Even though it cultivates the use of violence against surplus labor and against socialists and communists, anarcho-capitalism is therefore neither fascism nor neo-fascism (Prado, 2024). Now, this second name has been used as a mere rhetorical device; in fact, it is just a way of thinking about this historical form that does not take into account the dialectical presentation in which it consists The capital.
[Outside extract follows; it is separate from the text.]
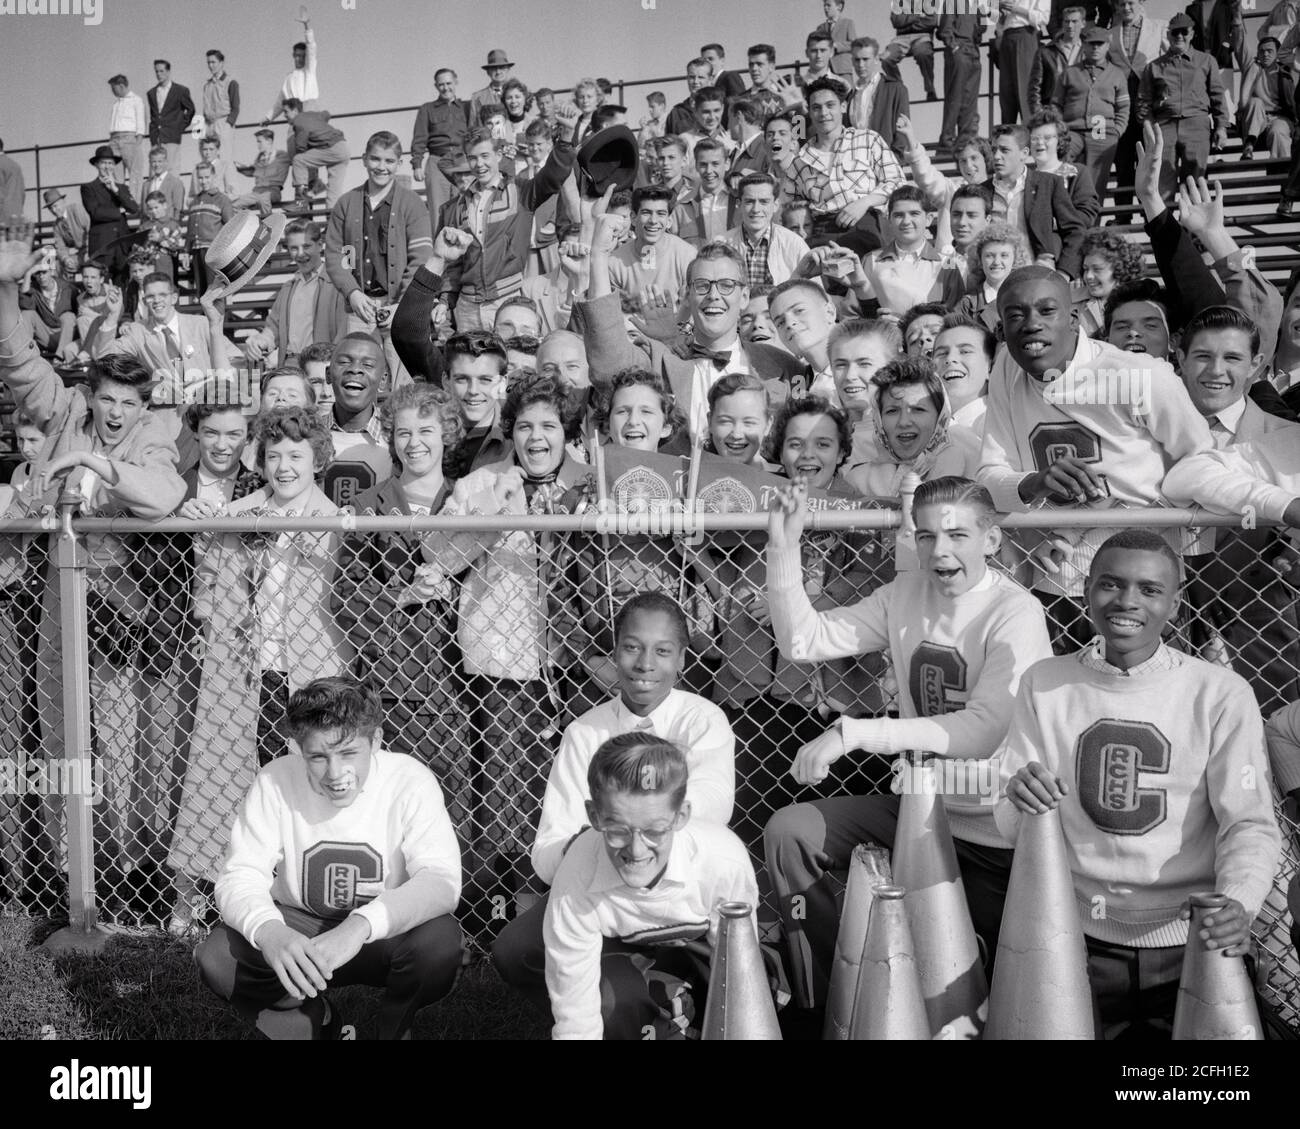 1950s ANONYMOUS HIGH SCHOOL STUDENTS CHEERLEADERS CHEERING SUPPORT FOR THEIR SPORTS FOOTBALL TEAM FROM BLEACHERS STANDS  - j1073 HAR001 HARS OLD FASHION JUVENILE DIVERSE TEAMWORK DIFFERENT PLEASED JOY LIFESTYLE CELEBRATION FEMALES HEALTHINESS COPY SPACE FRIENDSHIP HALF-LENGTH PERSONS INSPIRATION MALES TEENAGE GIRL TEENAGE BOY B&W EYE CONTACT SCHOOLS HAPPINESS CHEERFUL AFRICAN-AMERICANS AFRICAN-AMERICAN EXCITEMENT LEADERSHIP LOW ANGLE RECREATION CHEERLEADERS BLACK ETHNICITY PRIDE HIGH SCHOOL SMILES HIGH SCHOOLS CONCEPTUAL BLEACHERS JOYFUL SUPPORT TEENAGED VARIOUS ANONYMOUS STANDS VARIED Stock Photo

As the political ideology that also supports this historical form is characterized by being denialist – it denies that the solution to the crisis requires the destruction of accumulated capital, especially financial capital, it denies that the climate crisis puts human civilization at risk, it denies that the goods public are necessary to maintain society, etc. – this new extremism really deserves to be called ecocidal, genocidal and suicidal.

*Eleutério FS Prad is a full and senior professor at the Department of Economics at USP. Author, among other books, of From the logic of the critique of political economy (anti-capital fights).

References

Catalani, Felipe. “After midnight in the century: Adorno and the analyzes of fascism”. Presentation to the Brazilian edition of Aspects of the new right-wing radicalism. São Paulo: UNESP publishing house, 2020.

Fausto, Ruy. “About the State”. In: Marx: Logic and Politics – Investigations towards a reconstitution of the meaning of dialectics. São Paulo: Editora Brasiliense, 1987.

Marcuse, Herbert. “State and individual under National Socialism”. In: Ideology, war and fascism. São Paulo: UNESP publishing house, 1999.

Milei, Javier. The path to the libertarian. Buenos Aires: Planet, 2022.

Prado, Eleutério FS “No, it’s not fascism”. https://eleuterioprado.blog/2024/02/11/nao-nao-e-fascismo/

Prado, Eleuterio FS Capitalism in the 21st century – Sunset through catastrophic events. São Paulo: CEFA Editorial, 2023.